Concrete City: Chicago’s Role in Concrete High-Rise Construction
Chicago built seven record-setting concrete skyscrapers between 1957 and 1995, reflecting a century of innovation, collaboration, and achievement by the city’s building industry. How the city became a global center for concrete science and technology reveals connections between Chicago’s business and academic communities. Previously unpublished material on patents, testing, and building histories shows how three generations of researchers, contractors, and designers were able to continuously raise the bar for concrete construction in Chicago, and to export this knowledge globally.
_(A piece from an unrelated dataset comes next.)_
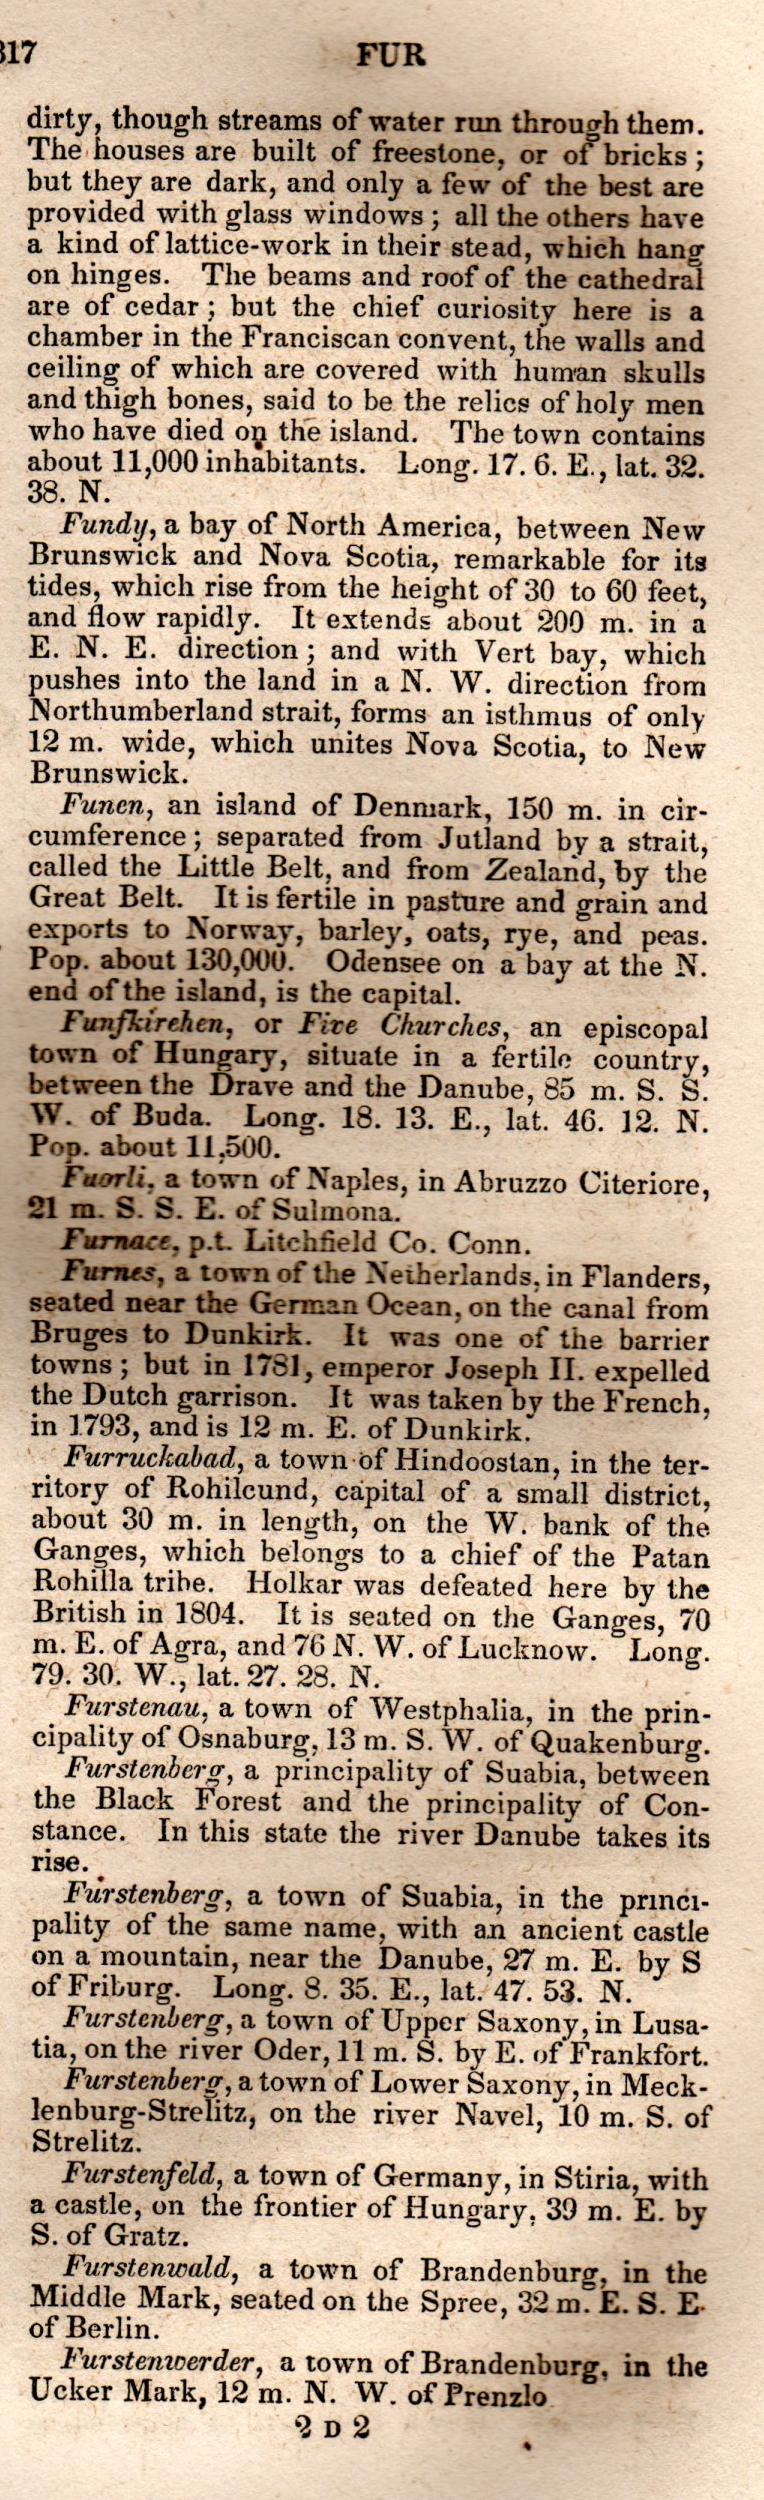 Brookes’ Universal Gazetteer (1850), Page 317 Right Column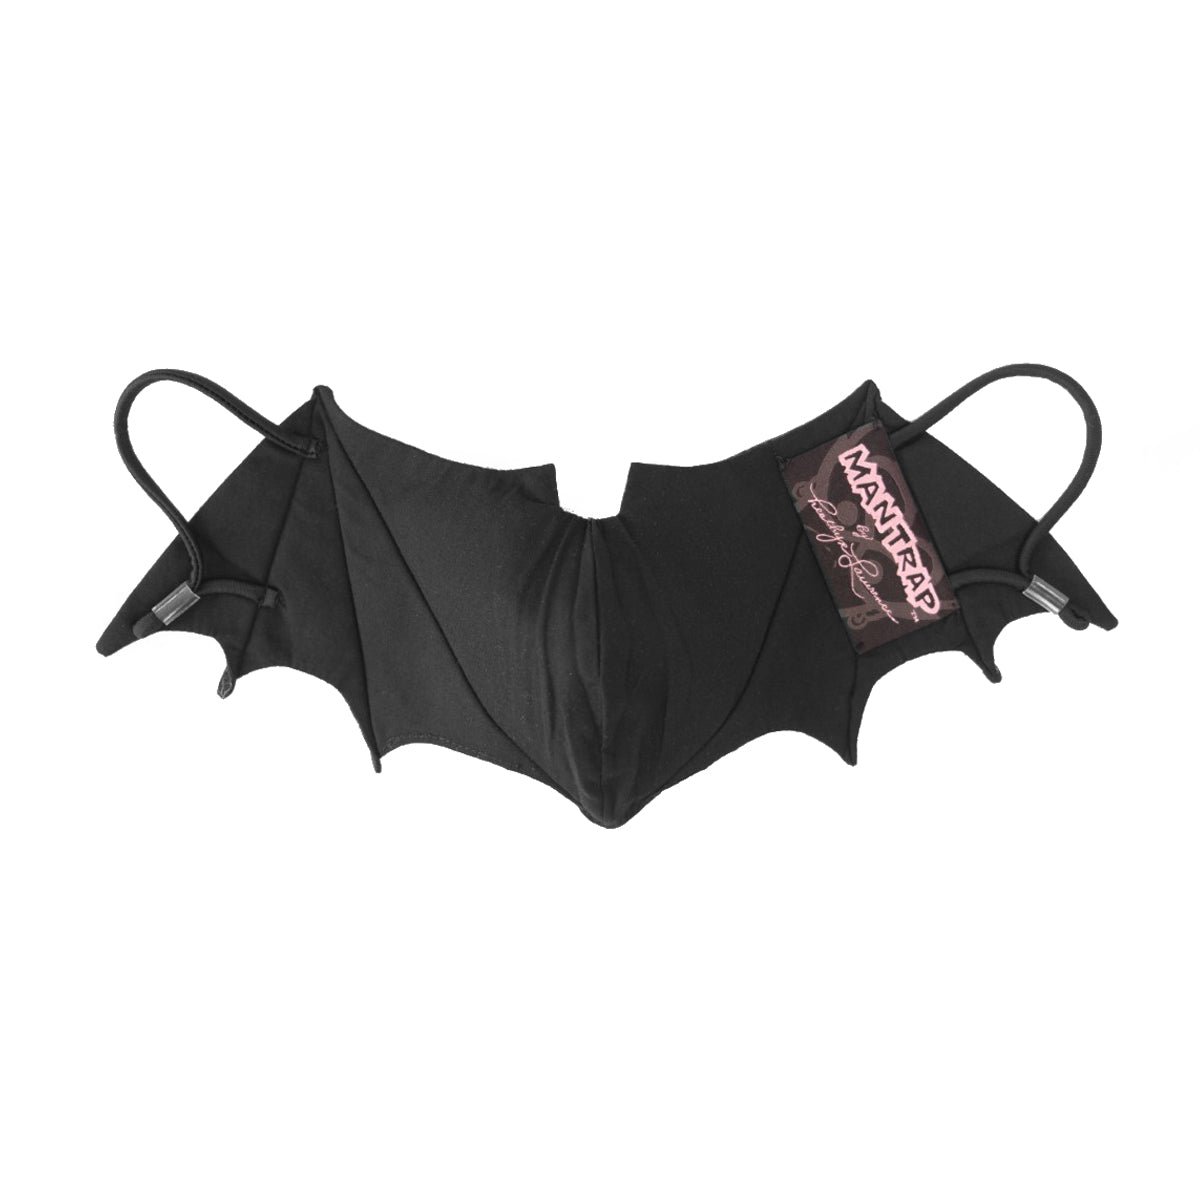 Spooky Bat Mask

Crossroads of the Air: Chicago’s Airport Architecture, 1920–2000
Chicago’s three major airports — Municipal/Midway, O’Hare, and Meigs Field — were shaped less by singular architectural vision than by legislation, bond issues, and backroom negotiations between airlines, city planners, and politicians. This talk traces the intertwined histories of these enormous infrastructure projects, showing how technology, finance, politics, and urban growth combined to produce buildings and landscapes that serve as fossil records of the city’s complicated twentieth-century history — and how their contested stories extend far beyond the drawing board.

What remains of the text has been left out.